The hospital laundry workers were advised recently trucks will be leaving the SHS plant with their last load of clean linens to HSN, on Saturday, March 25, 2017 sometime after 12:00 noon. A community rally will begin at 11:30 a.m. on Saturday at SHS, 363 York Street.

 

Documents obtained through a Freedom of Information request point to an irregular bidding process that seems to have only assessed one bid from a hospital laundry outside of Hamilton. This week CUPE’s Ontario Council of Hospital Unions (OCHU) called on Ontario’s health minister to review what it sees as a “corrupted bidding process.”

 

HSN appears to have only consulted with Mohawk Shared Services of Hamilton in choosing it over Sudbury Hospital Services, says OCHU secretary-treasurer Sharon Richer. “It appears as though the Mohawk group had insider information and normal channels weren’t followed and we don’t believe there were other bidders. We want the health minister to halt this process and investigate the bid-tender process,” she says.

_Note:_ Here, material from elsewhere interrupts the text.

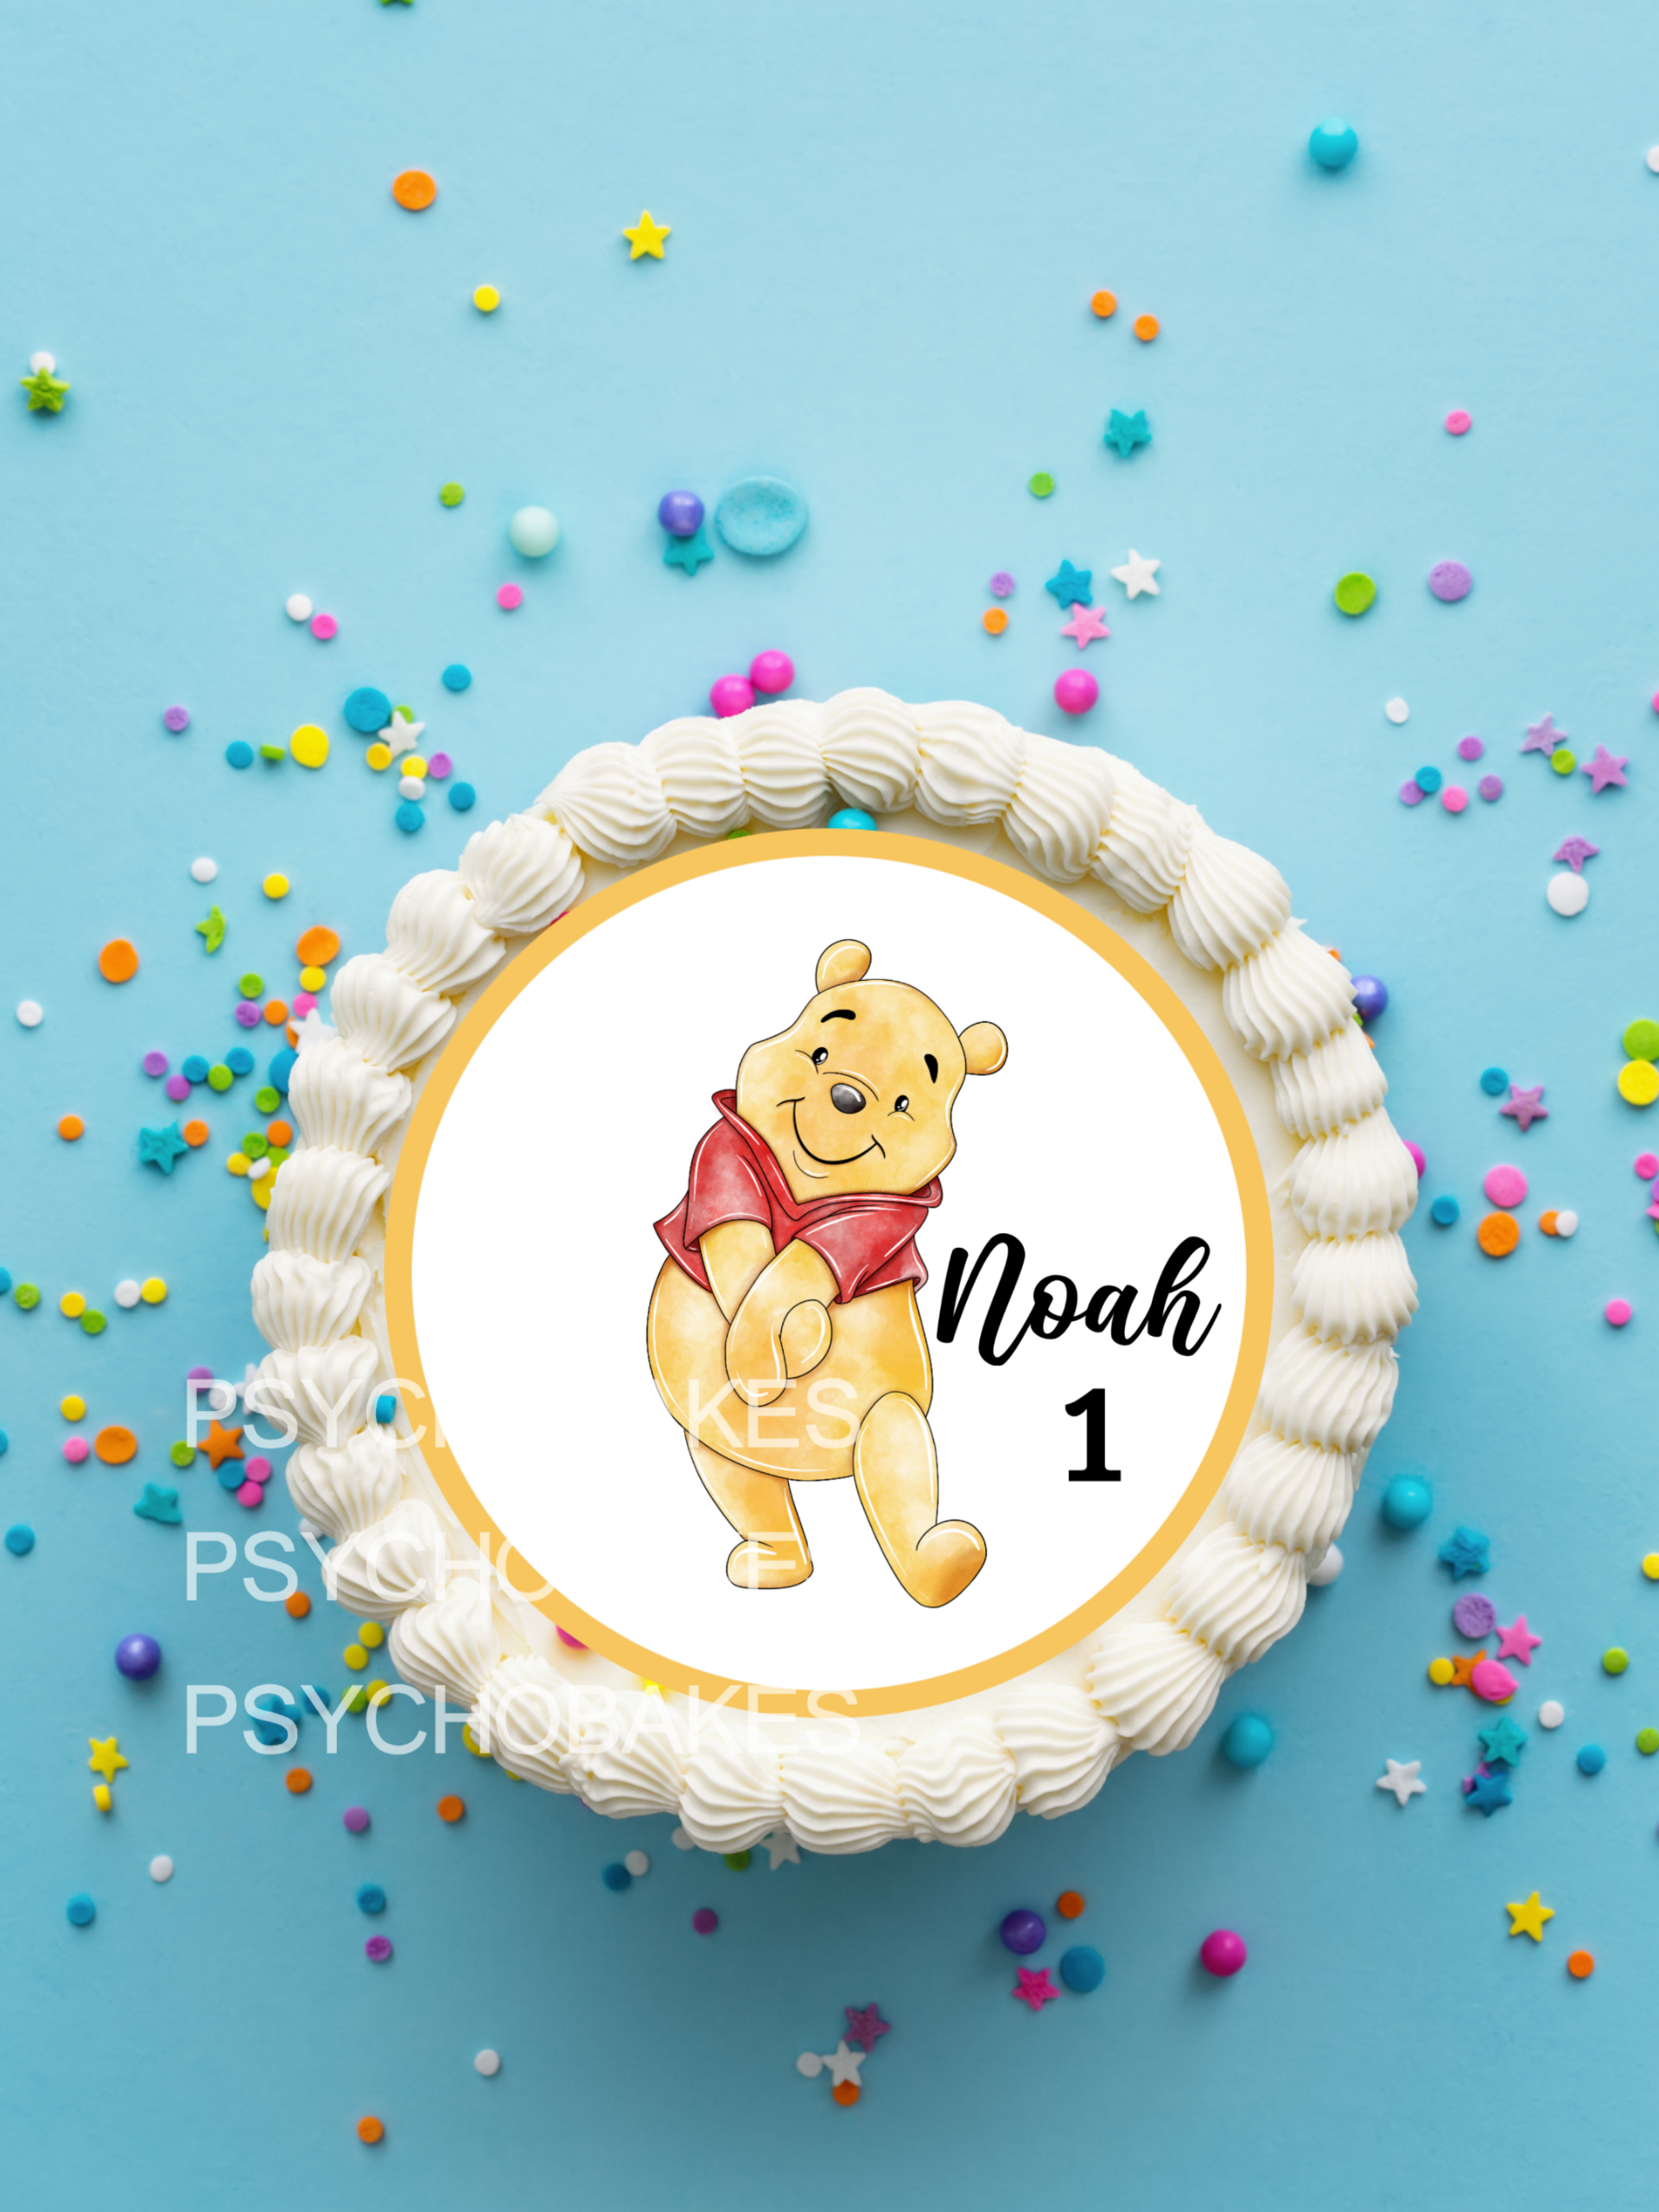 Winnie the pooh edible cake topper

HSN has insinuated that it is under pressure by the province to cut costs and is taking its hospital laundry business out of Sudbury, to get a cheaper price for the service. But an economic impact assessment done by the City of Greater Sudbury found that Sudbury’s local economy would lose $6.5 million a year as a result of HSN shipping its hospital laundry elsewhere.

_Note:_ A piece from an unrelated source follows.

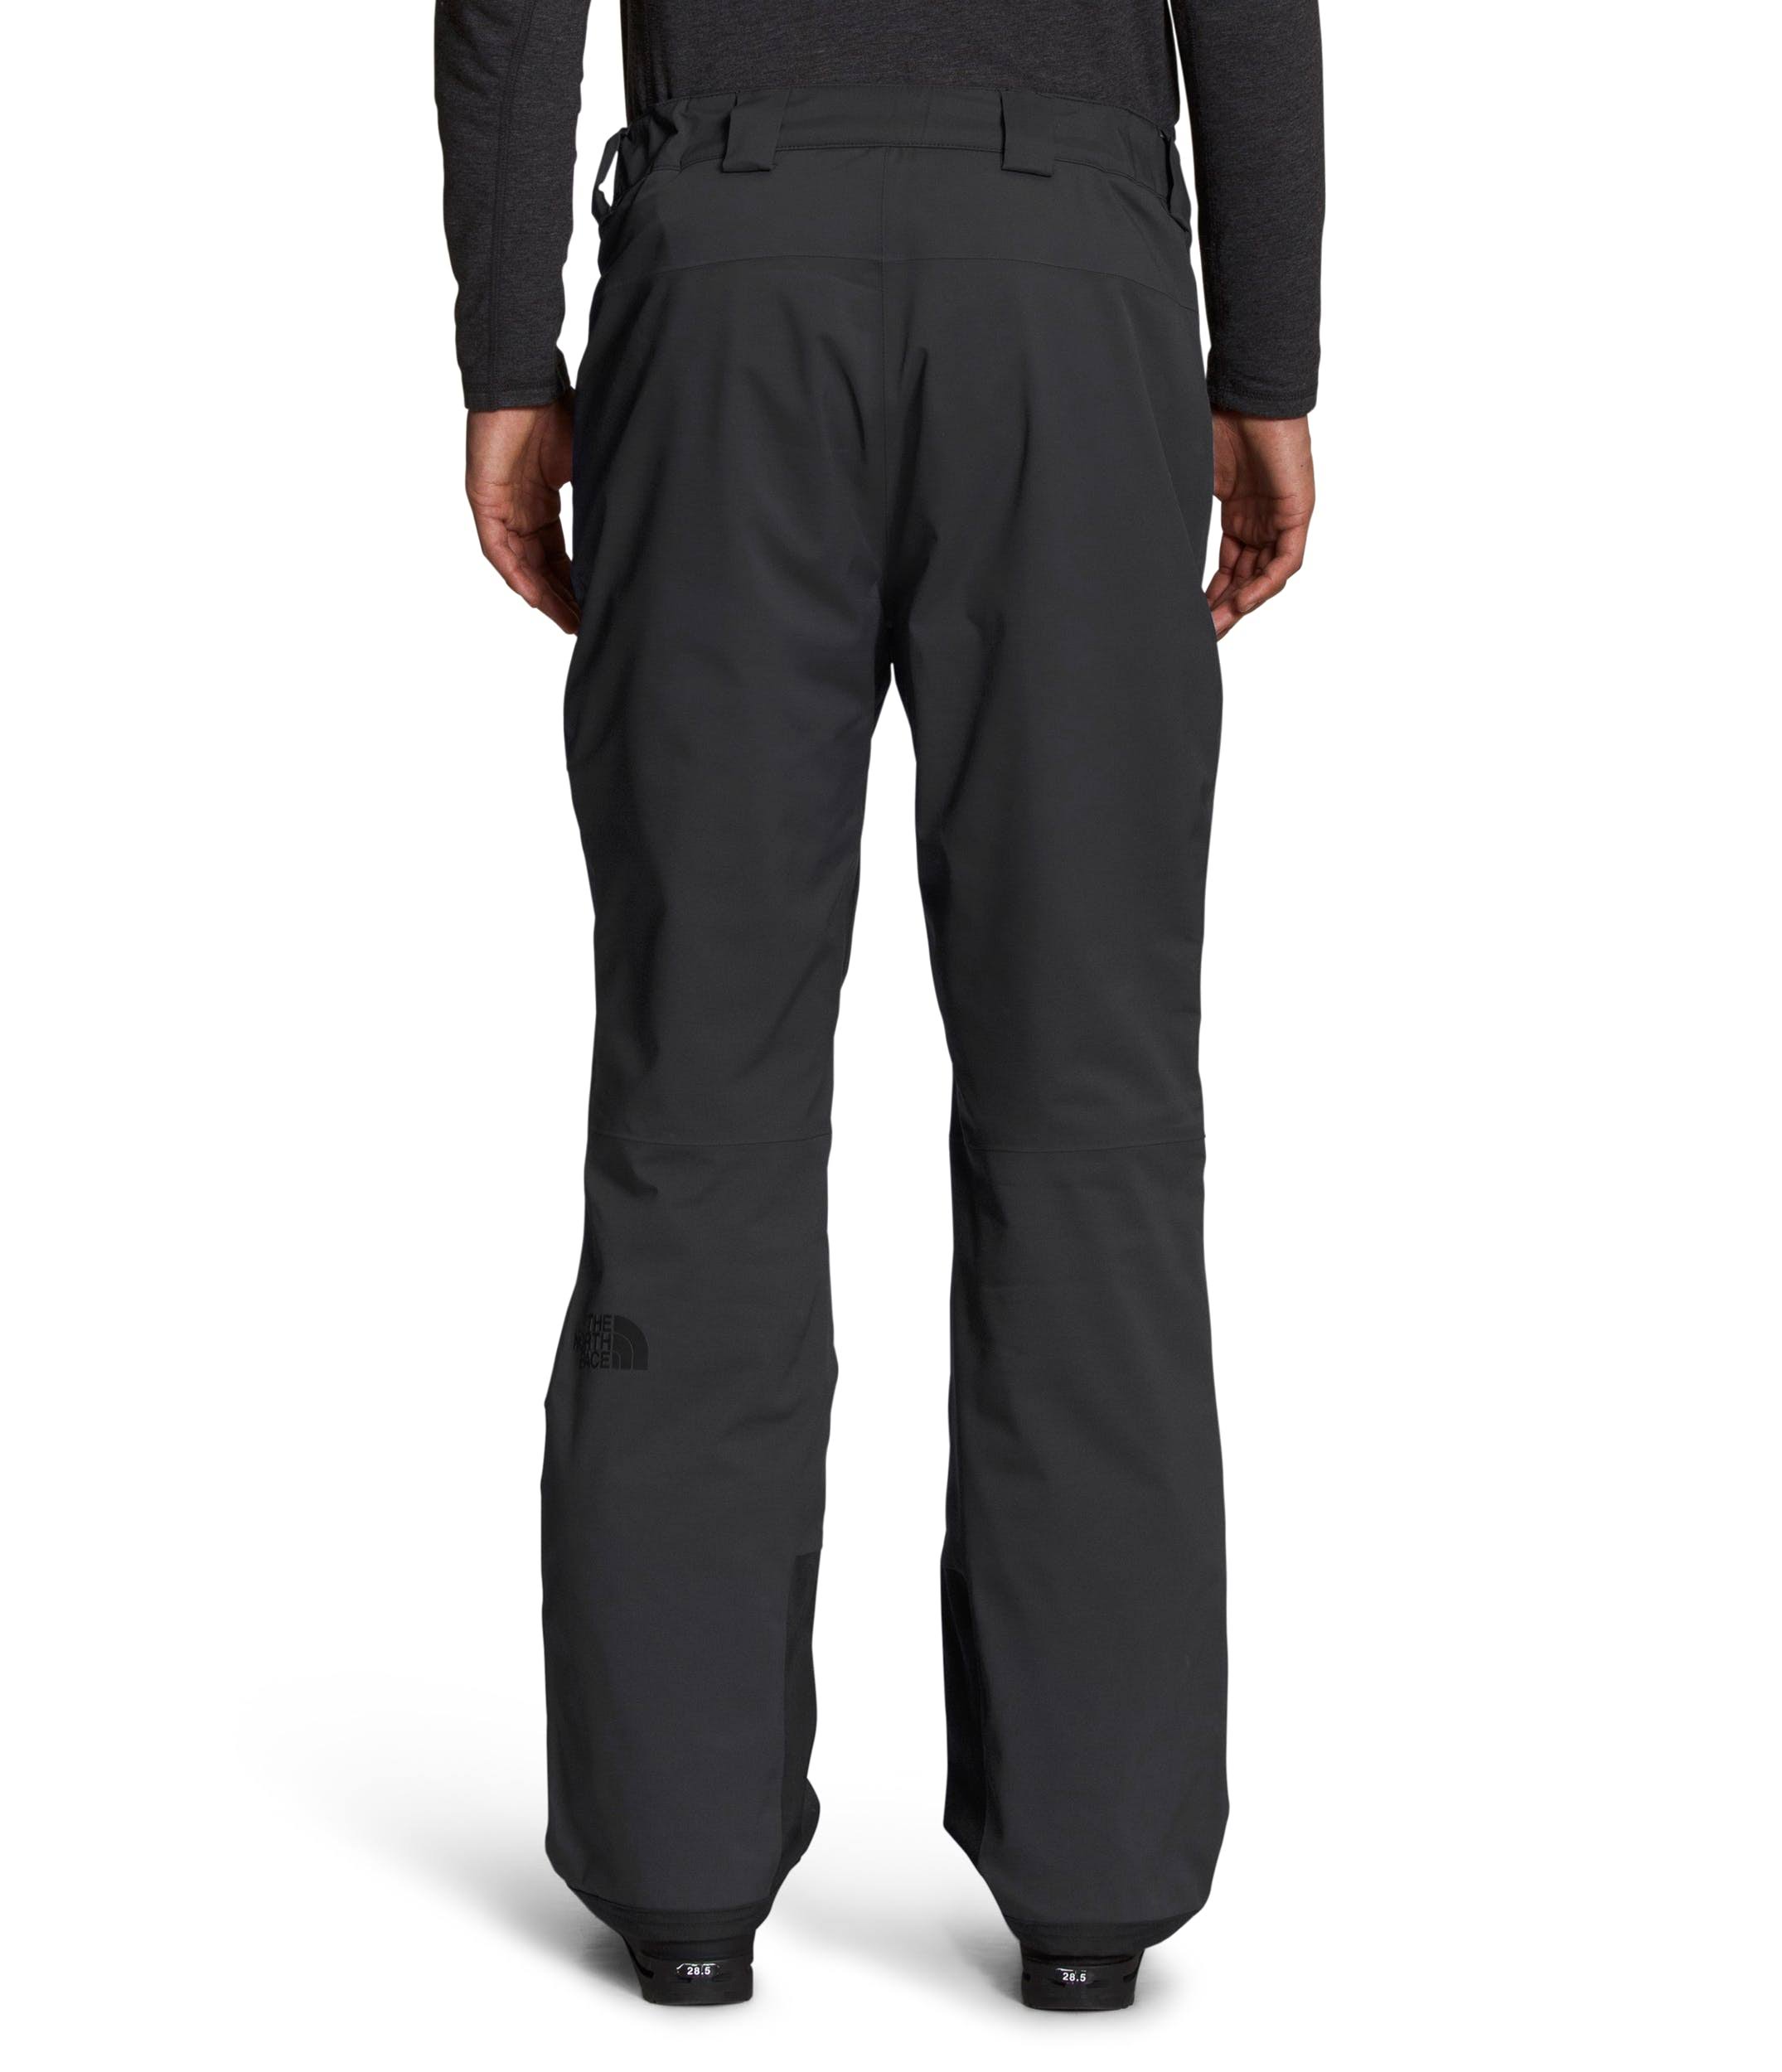 The North Face Chakal Pant Men's - Asphalt Grey - Medium

“It’s a sad day for us. Also, it’s a very sad day for our whole community. What does it say about the MPP whose government is responsible for forcing hospitals to merge services into bigger providers in southern Ontario? It’s a provincial policy that turns its back on local businesses. In the case of SHS its been operating for nearly half a century. What about HSN? It technically owns the hospital laundry. Where is the loyalty to the local economy and to the workers losing jobs from the hospital when they send work down the highway? Surely they feel responsible,” says Dawson.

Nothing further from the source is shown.